▸ WHAT TO DO
Output nothing except the lines from the one containing "Venecia, Provincia de" through the final line of the data, both included, typed exactly, minus the pictures.

··· INFORMATION SHOWN

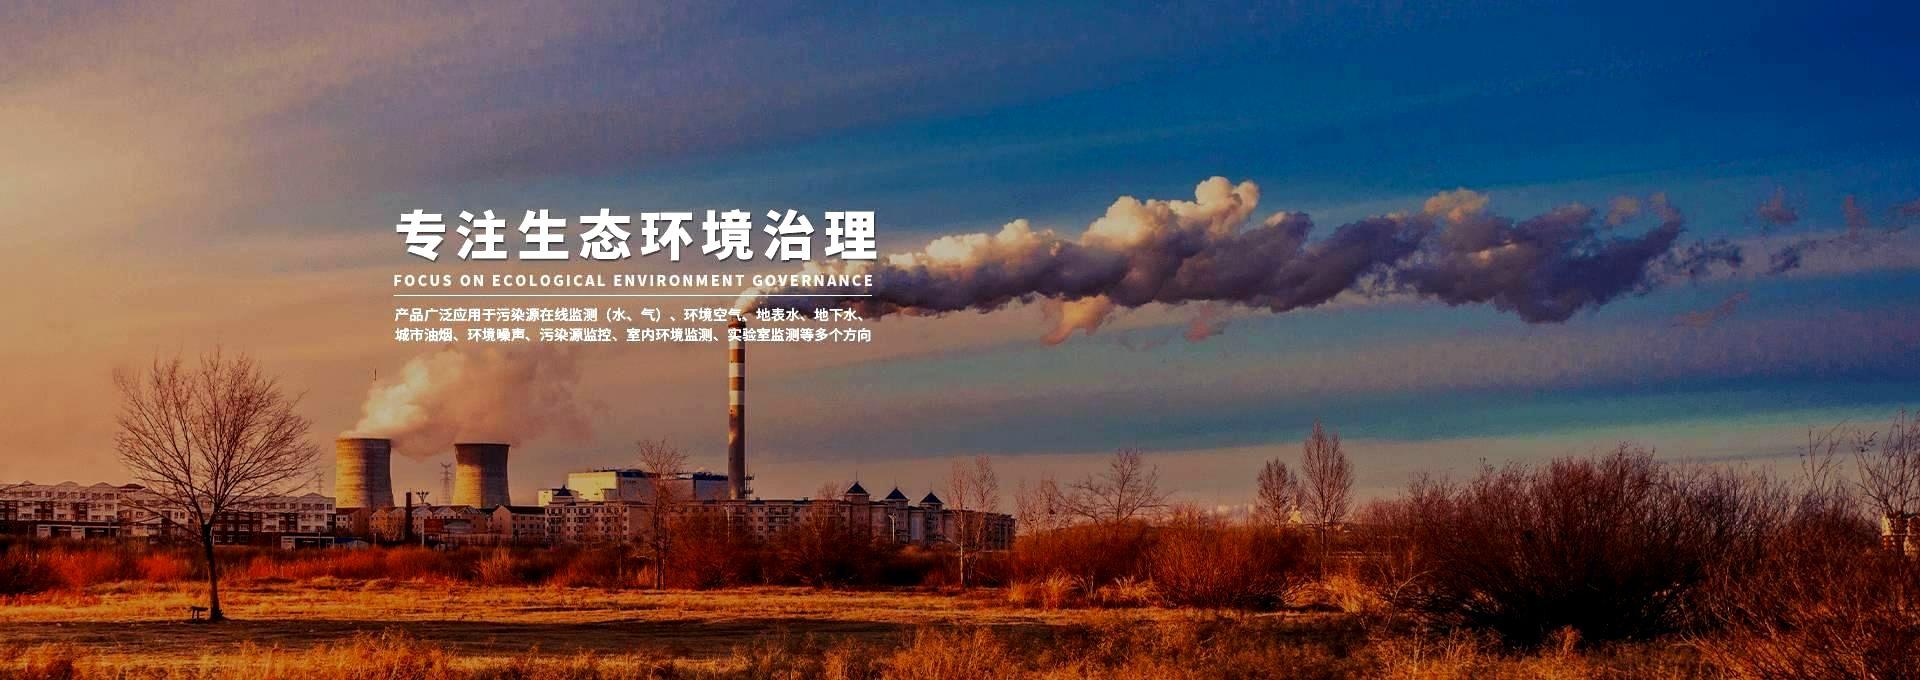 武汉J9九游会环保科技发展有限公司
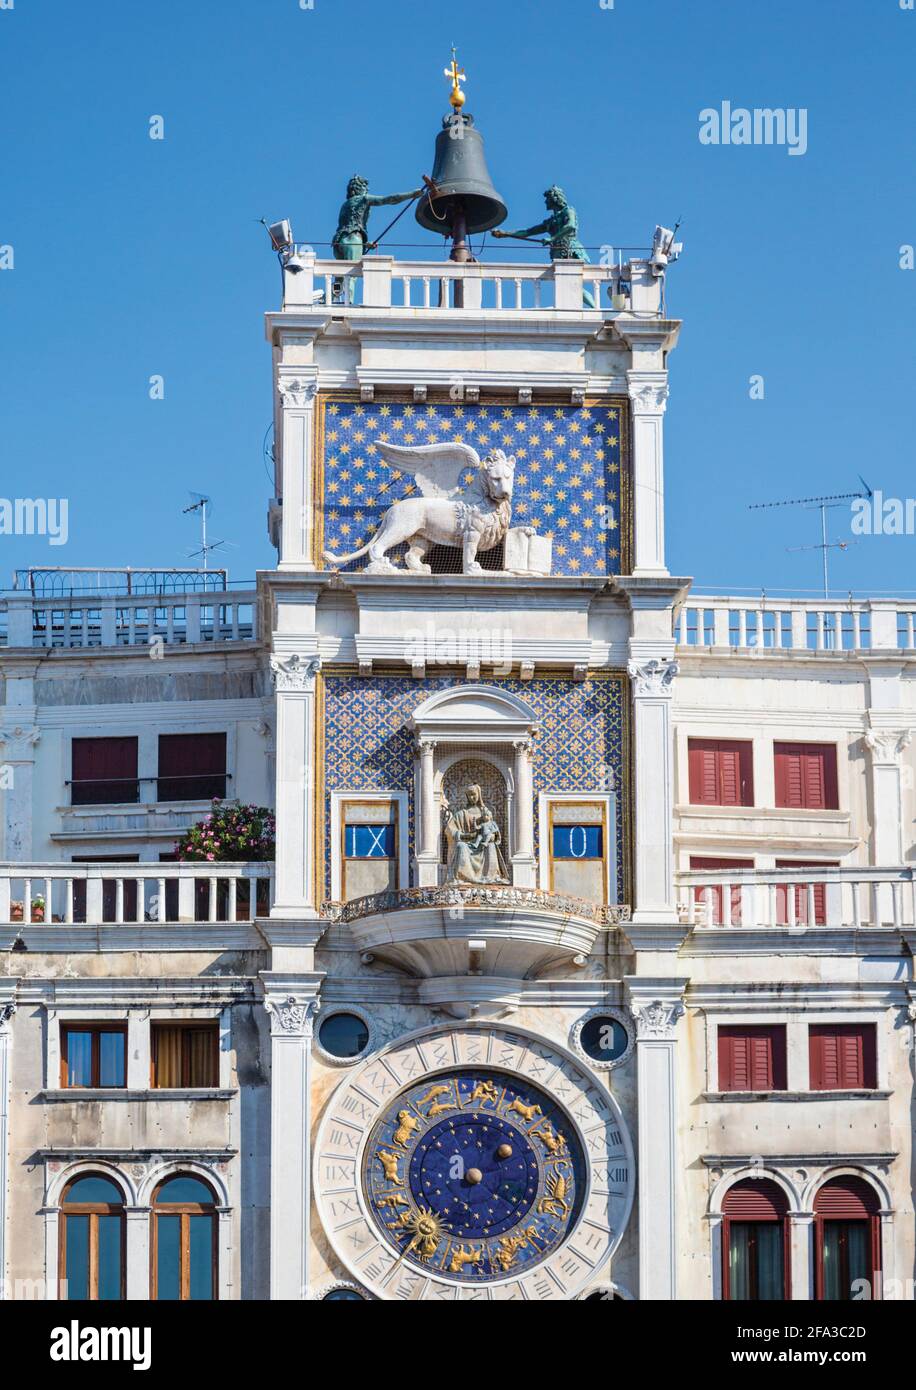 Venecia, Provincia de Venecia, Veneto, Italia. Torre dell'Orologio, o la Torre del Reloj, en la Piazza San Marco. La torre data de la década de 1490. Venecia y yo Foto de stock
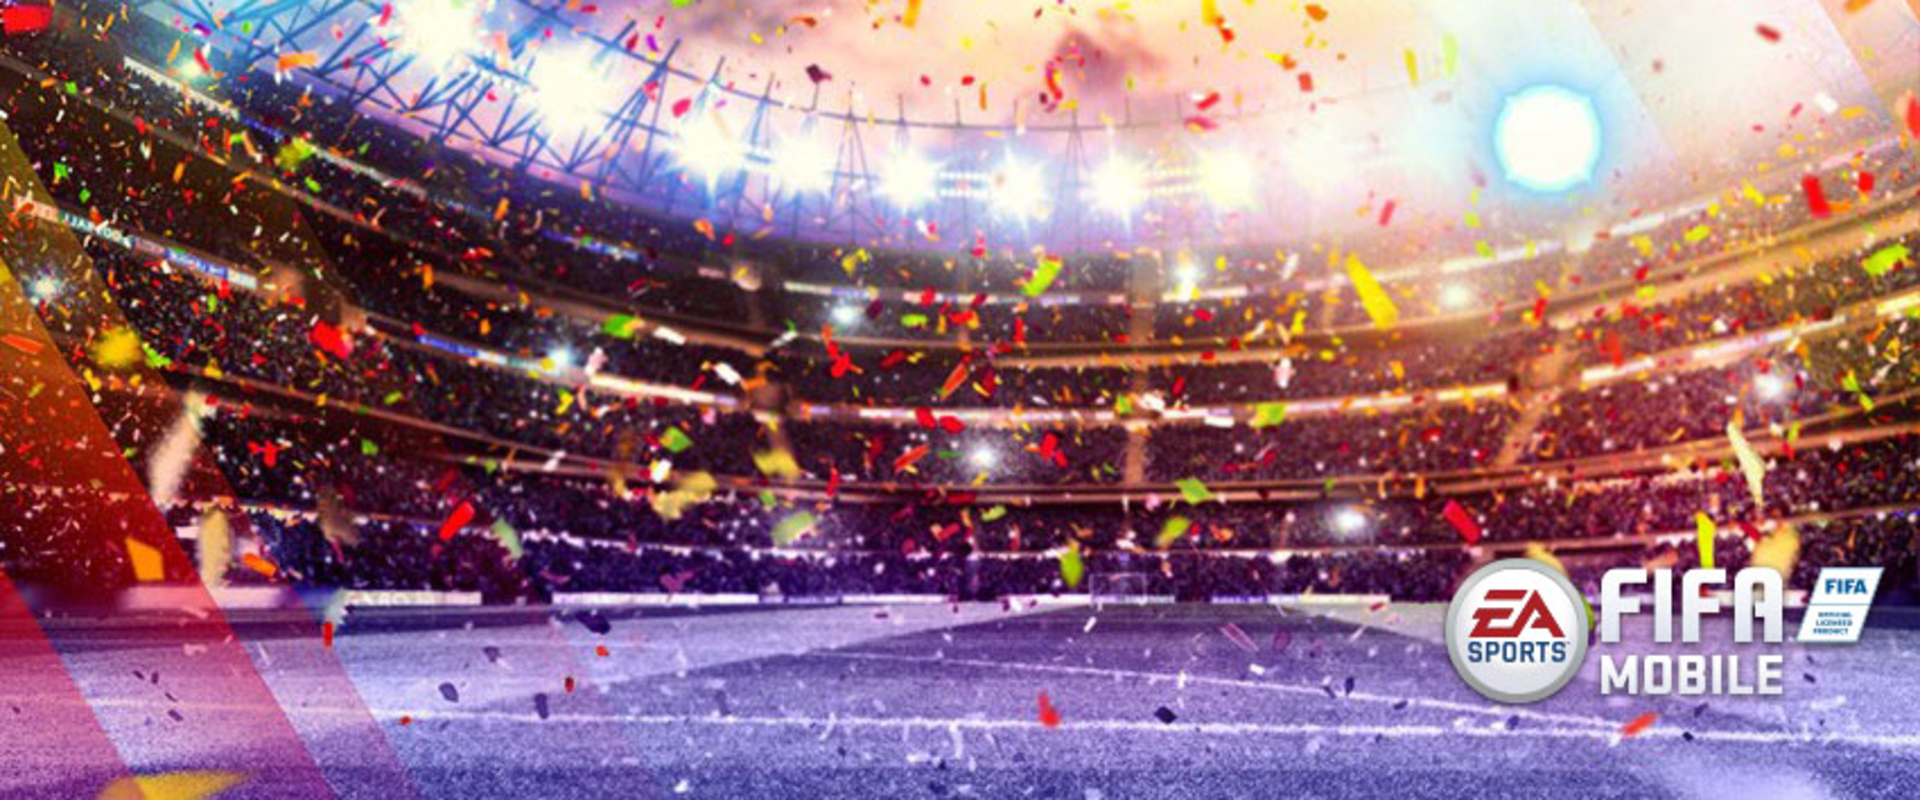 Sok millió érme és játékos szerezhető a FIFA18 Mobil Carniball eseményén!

······

▸ SOLUTION BELOW
 Venecia, Provincia de Venecia, Veneto, Italia. Torre dell'Orologio, o la Torre del Reloj, en la Piazza San Marco. La torre data de la década de 1490. Venecia y yo Foto de stock
 Sok millió érme és játékos szerezhető a FIFA18 Mobil Carniball eseményén!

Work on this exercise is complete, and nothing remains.